Have you ever noticed when you’re talking to a friend that you almost never look directly at their face and yet when you’re watching a speech being given, or in a classroom listening to your professor that’s exactly what you do? Or the way that you can always tell when two people are in love by the way the stare into each other’s eyes? All of these things are due to the incredible power of the face to express emotion, and the social rules that govern emotional expression Facial expressions are universal to all humans and communicate emotions faster, and often more informatively than anything else. For this reason, they are of interest to psychologists, who have made a lot of progress in understanding how they are made, perceived, controlled, and why.

Faces can carry many messages and meanings. Through such signals as bone structure, skin , hair, and eye color, and number of wrinkles, someone’s ancestry, age, and sex can be determined, among other things. However rapid facial signals, or facial expressions, are the subject of this paper, and they are usually caused by emotions.

Not only do facial expressions show emotion, but as the term "rapid signal" implies, they do it very quickly, immediately after the emotion is felt. Because of this fact, they are one of, if not the, best indicator of emotion that the body has. Tone of voice and body posture can show emotion, but they typically show how a person is coping with an emotion, rather than the feeling itself.

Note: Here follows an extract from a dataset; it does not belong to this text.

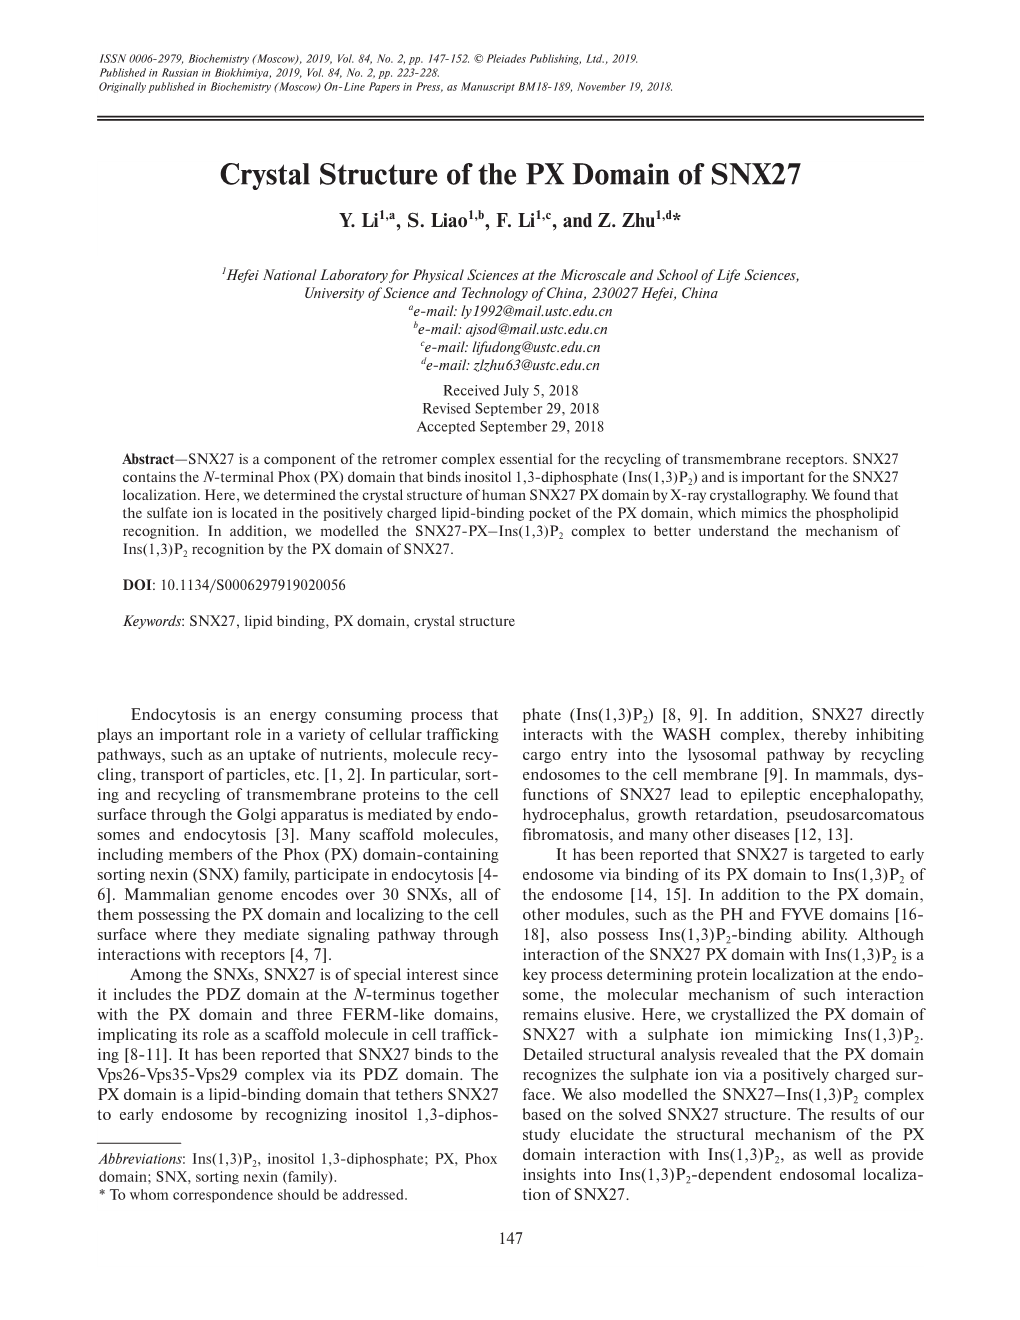 Crystal Structure of the PX Domain of SNX27

When facial expressions occur, they are made with three distinct areas of the face: the (1) brow and forehead, the (2) eyes, eyelids, and the root of the nose, and the (3) lower face (cheeks, mouth, nose, chin). Each of these areas move independently of the others, but work together to form expressions. I will not discuss the morphology of facial expressions very much in this paper, focusing instead on how they are used and perceived. Suffice it to say that each particular emotion corresponds to a particular set of movements by the muscles in the face.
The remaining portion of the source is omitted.